Impact Factor 2.323

The 1st most cited journal in Multidisciplinary Psychology

General Commentary ARTICLE

Front. Psychol., 09 June 2017 |

Commentary: Reproducibility in Psychological Science: When Do Psychological Phenomena Exist?

  • Department of Psychology, New Mexico State University, Las Cruces, NM, United States

A commentary on
Reproducibility in Psychological Science: When Do Psychological Phenomena Exist?

by Iso-Ahola, S. E. (2017). Front. Psychol. 8:879. doi: 10.3389/fpsyg.2017.00879

Iso-Ahola (2017) comments about the questionability of reproducibility and of attempting to demonstrate the non-existence of psychological entities. For full disclosure, I was a reviewer. I agree with much of what Iso-Ahola states but nevertheless have some reservations about this well-argued piece. My reservations do not concern ego-depletion, but are more general.
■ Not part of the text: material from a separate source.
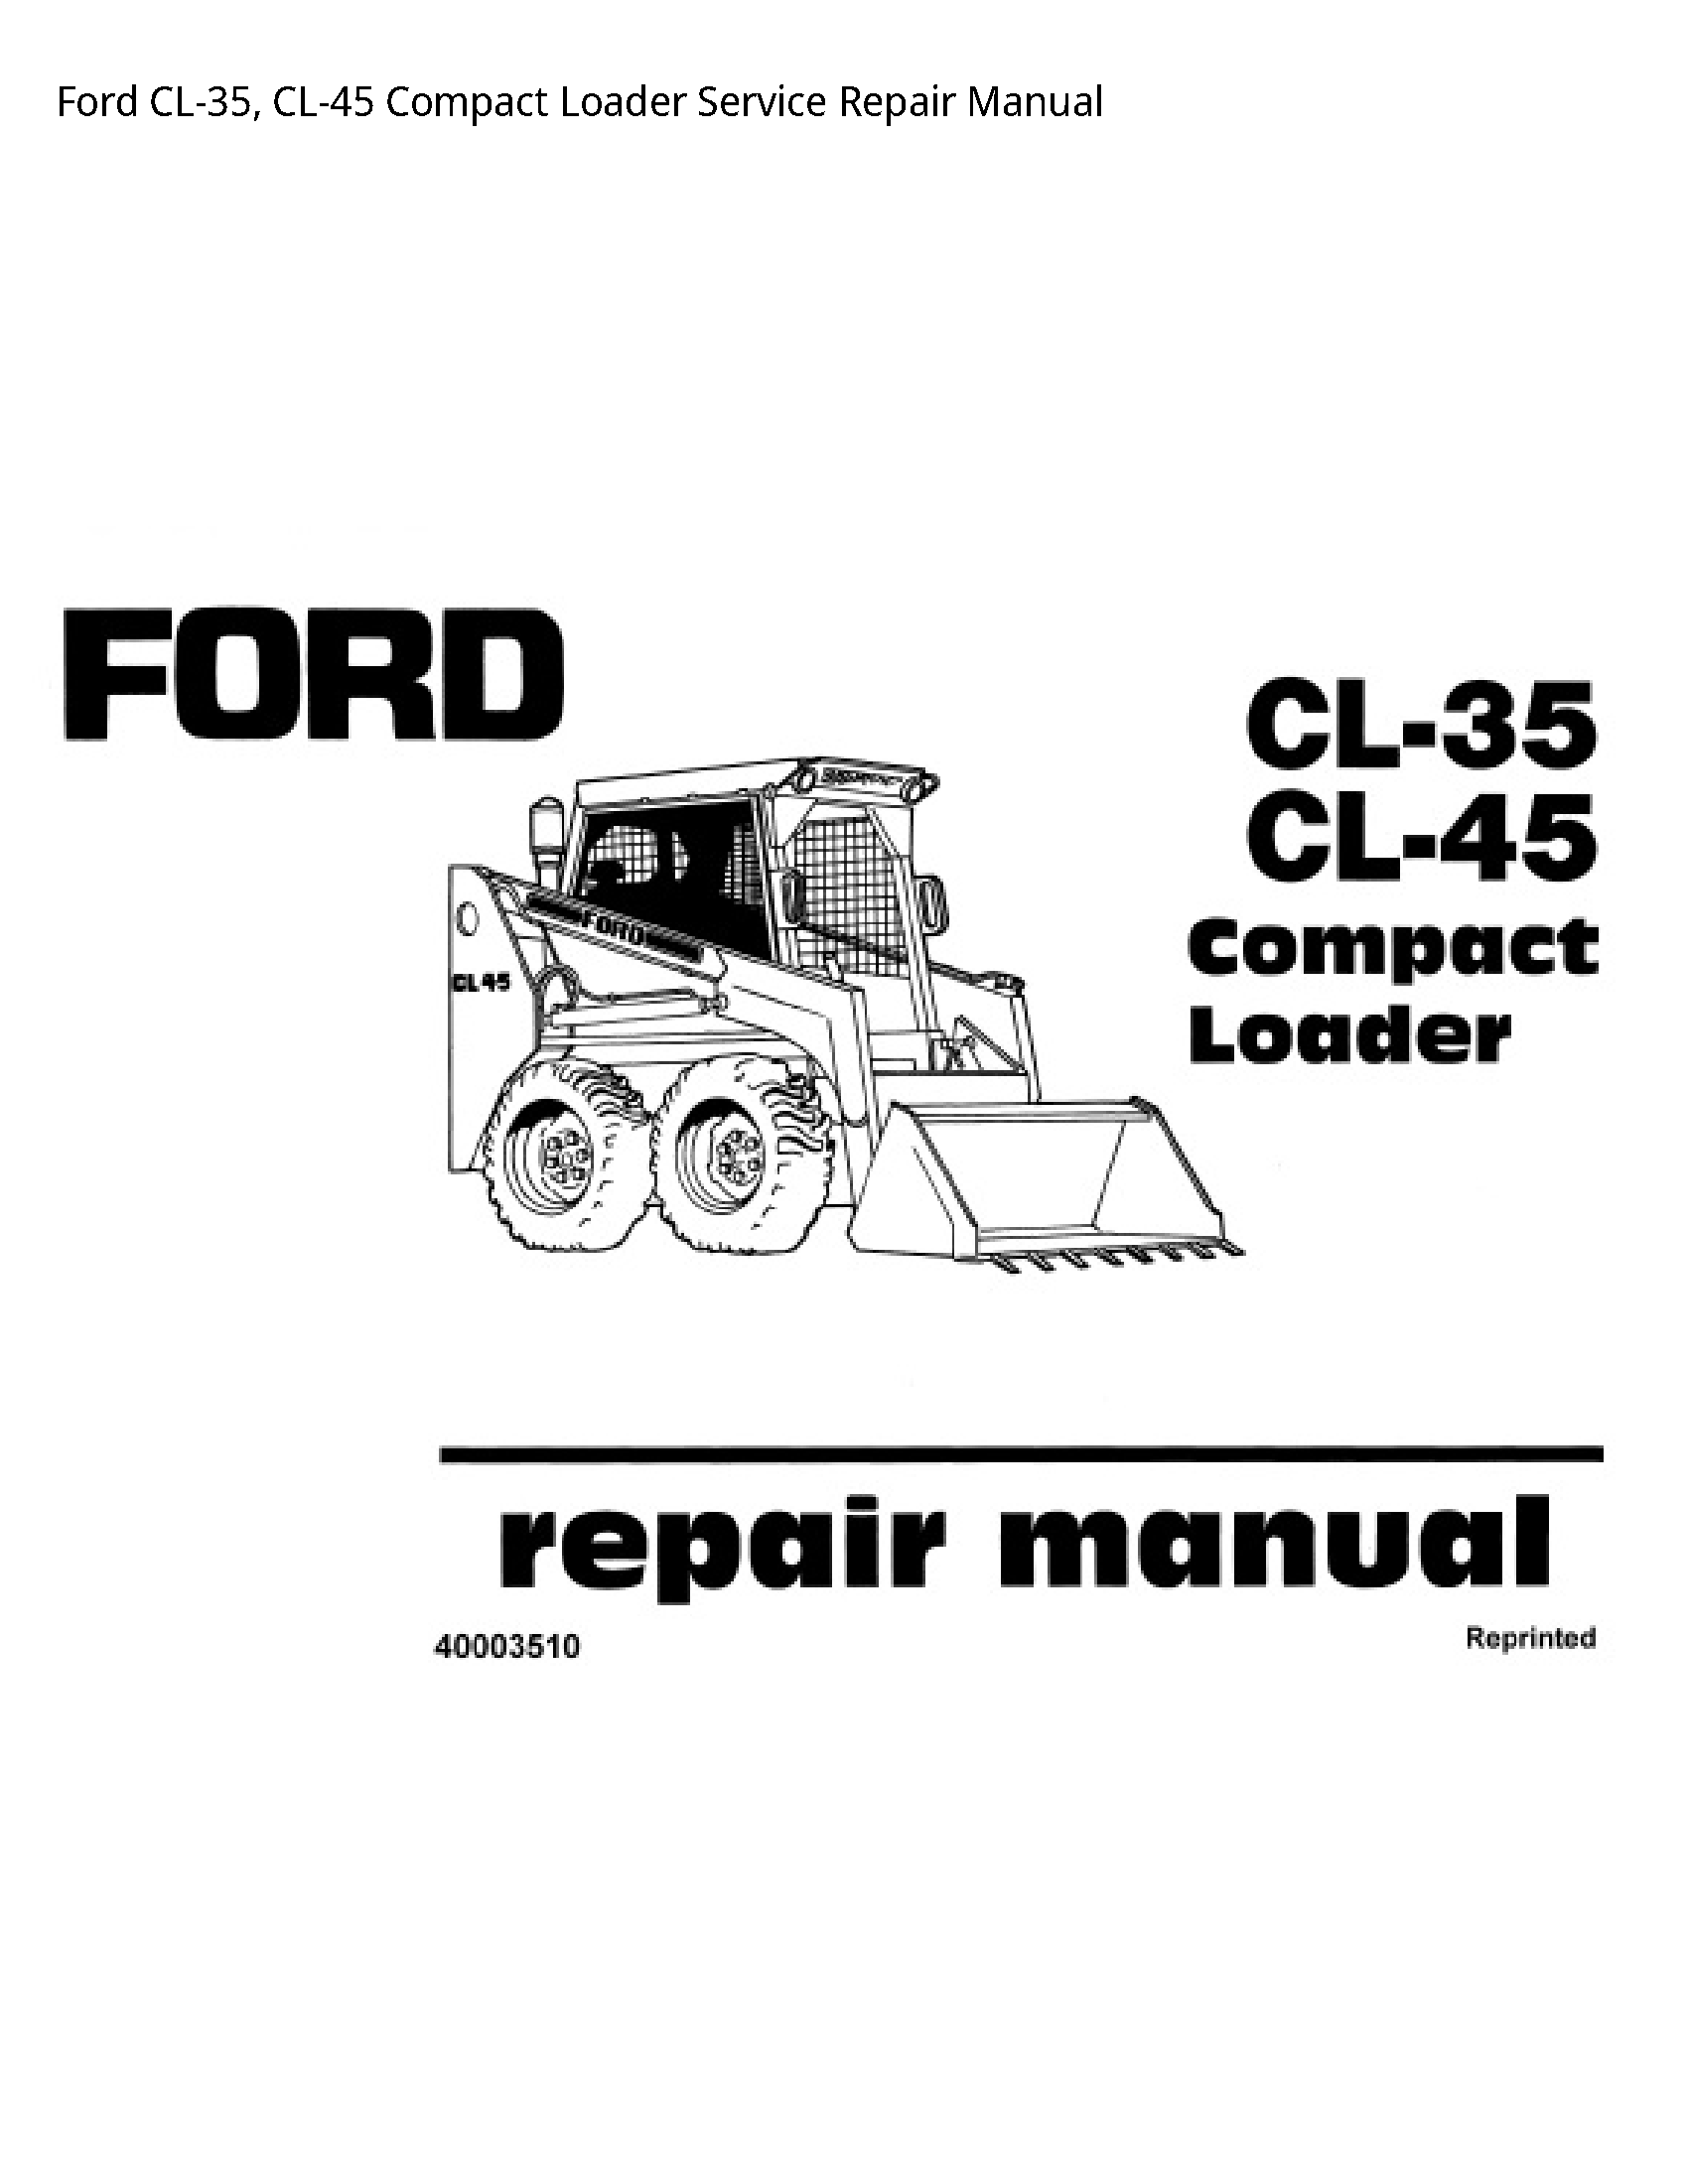 Ford CL-35 Compact Loader manual
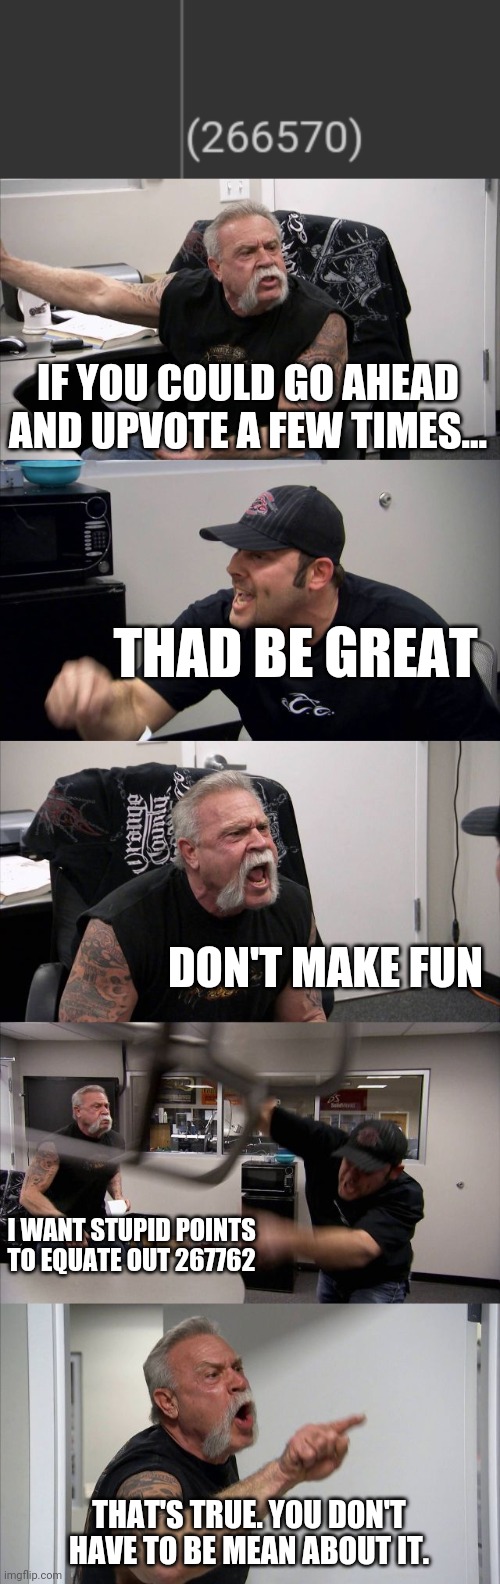 Yin Yang | IF YOU COULD GO AHEAD AND UPVOTE A FEW TIMES... THAD BE GREAT; DON'T MAKE FUN; I WANT STUPID POINTS TO EQUATE OUT 267762; THAT'S TRUE. YOU DON'T HAVE TO BE MEAN ABOUT IT. | image tagged in memes,american chopper argument | made w/ Imgflip meme maker

Iso-Ahola correctly indicates the importance of auxiliary assumptions in the disconfirmation of theories. Researchers can blame empirical defeats (the prediction derived from the theory does not work out empirically) on the theory or on auxiliary assumptions. Consequently, an empirical defeat does not necessarily provide a strong case against the theory or existence of a theoretical entity. But Iso-Ahola's strong emphasis on the limitations of negative evidence come at the cost of underestimating the limitations of positive evidence. It is important to bring out that auxiliary assumptions can be used to explain away empirical victories, just like empirical defeats (Trafimow, 2003, 2017). Therefore, empirical victories need not be more definitive than empirical defeats; such judgments should be made on a case-by-case basis.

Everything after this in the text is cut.